Our
View: Battle hurting memorial, not religion
San Diego’s Mount Soledad is one of the city’s best vistas. It rests
atop a hill with serene views of the county mountains to the east as well as
a scenic sight of the seaside city of La Jolla and the Pacific Ocean to the west.
The city of San Diego owns the land and maintains it so locals and tourists alike
can enjoy the area. Even airplanes coming from the north use Soledad to start
the downwind leg of their approach to the San Diego International Airport.
There’s just one problem: a top of this majestic mountain there is a 29-foot
cross.
The cross, known worldwide as a symbol of Christianity, has bothered at least
one atheist named Philip Paulson enough to incite more than a decade of litigation,
public debates and public votes. According to the San Diego Union-Tribune, “Paulson
has challenged the location of the cross since 1989, contending it is a violation
of the doctrine calling for the separation of church and state.”
Unfortunately, Paulson finally got his wish. The Union-Tribune reported last
week a federal judge “ordered the removal of the Mount Soledad cross from
property owned by the city of San Diego within 90 days — threatening to
fine the city $5,000 a day if it fails to comply.”
This recent example is not just a San Diego or Southern California issue. It’s
a national issue concerning a taboo topic: the separation of church and state.
We as a people have simply proven once again in this day and age there’s
a religion-phobia hurting us from within. Some people want to abolish anything
and everything Christian, even though that particular religion is embedded in
our history and culture.
Such abolition is what is causing frivolous lawsuits nationwide, such as taking
the phrase “under God” out of the Pledge of Allegiance, prohibiting
displays of the Bible’s Ten Commandments in courtrooms or disallowing the
nativity scene on public land.
The United States Constitution says freedom of religion, not freedom from religion.

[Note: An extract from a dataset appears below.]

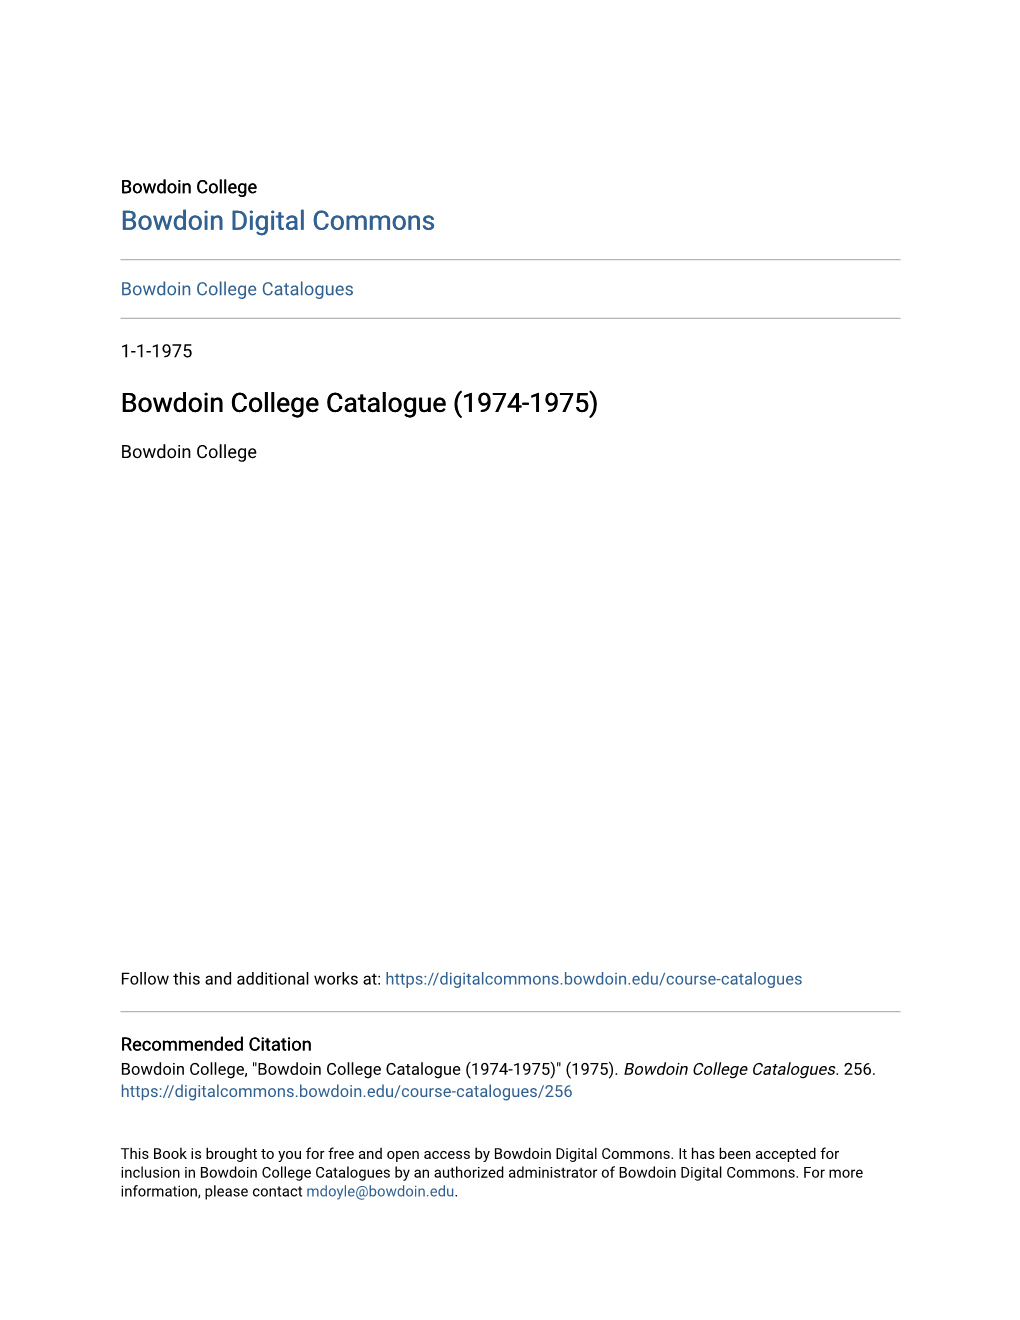 Bowdoin College Catalogue (1974-1975)

People today misinterpret the Constitution’s original intent, which was
to prevent the state from mandating or banning a religion. None of the aforementioned
lawsuits ban or mandate Christianity.
The seemingly ridiculous modern view of church and state from today’s groups
like the American Civil Liberties Union is no government can perform any action
or make any policy seeming to prefer one religion above another.

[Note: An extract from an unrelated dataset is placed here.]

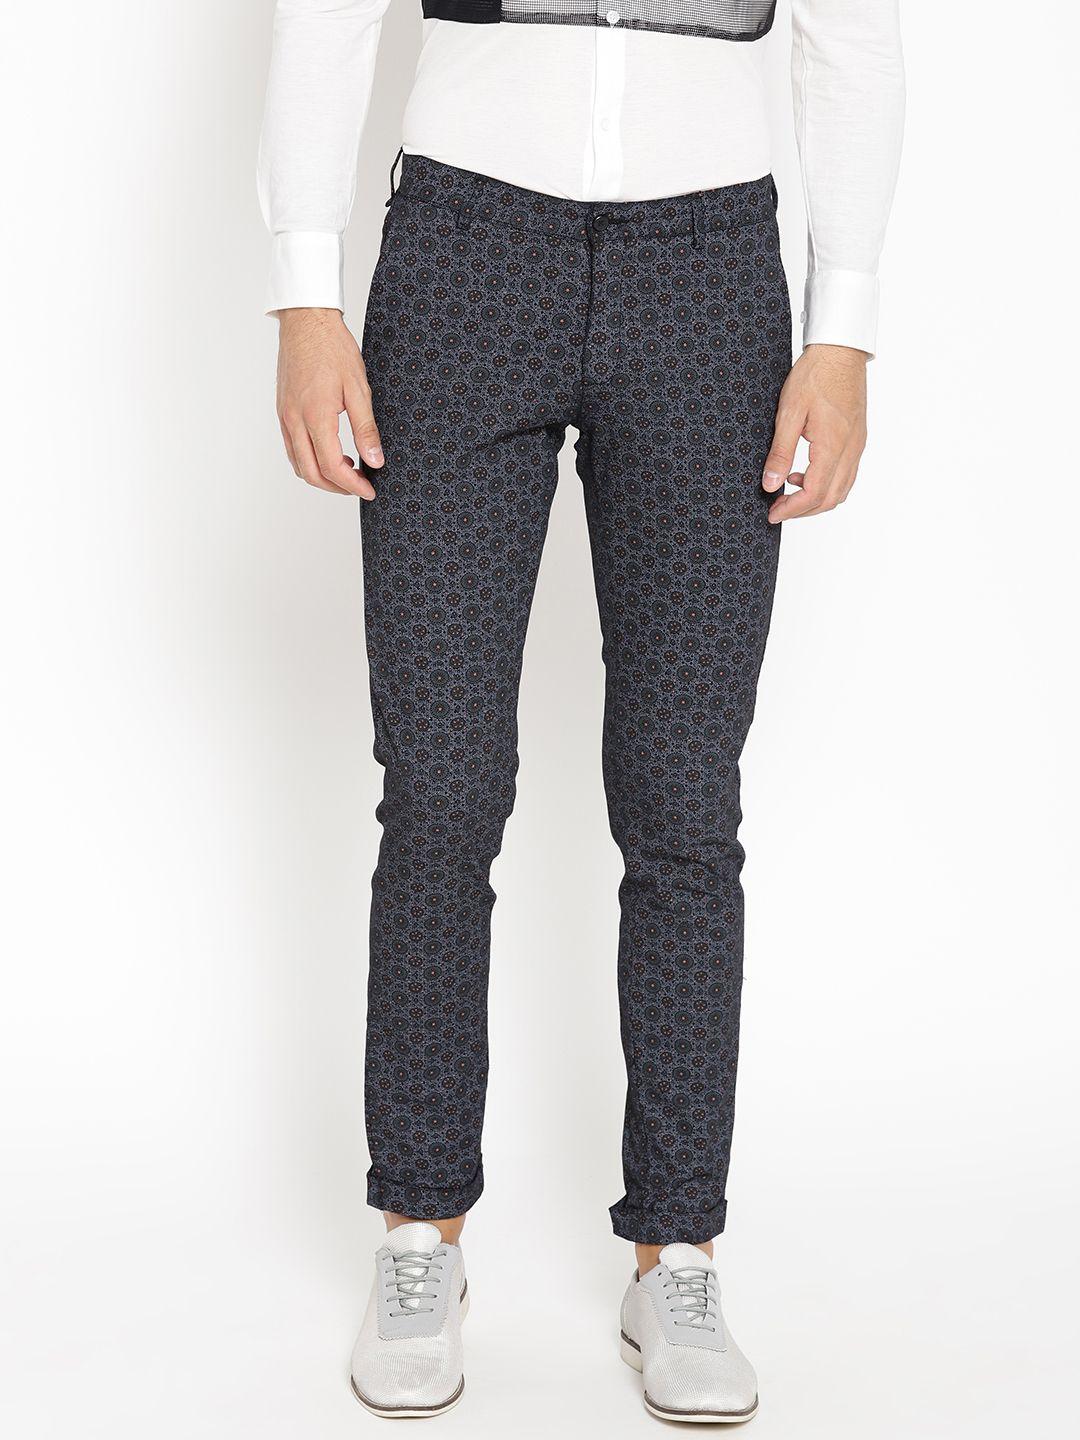 blackberrys men charcoal grey printed z91 slim fit casual trousers

The cross on Mount Soledad should not be taken down just because one disheartened
atheist, basing his doubts on a misinterpretation of the Constitution, has a
clever lawyer who convinced a federal judge. In fact, the majority has spoken
on this particular issue because 76 percent of San Diego voters in 2005 voted
to give Mount Soledad to the Interior Department as a veteran’s memorial.
This voters’ decision was later deemed unconstitutional.
This brings forth another topic of the Soledad debate. Even though the cross
there is a Christian symbol, Mount Soledad was not erected back in 1954 for purposes
of religious observation but rather as Korean War memorial for its veterans and
all war veterans.
Taking it down would dishonor those who have died for the country and the thousands
buried nearby at Fort Rosecrans National Cemetery on San Diego’s Point
Loma peninsula. Fort Rosecrans is comparable to Arlington National Cemetery of
the West Coast where many fallen soldiers are buried.
Stop this religion-phobia, America. Honor your veterans, California. Fight to
keep Mount Soledad, San Diego.
What is irrational about this debate is not the superiority of different sects
of religion, but the inability for people to tolerate different beliefs.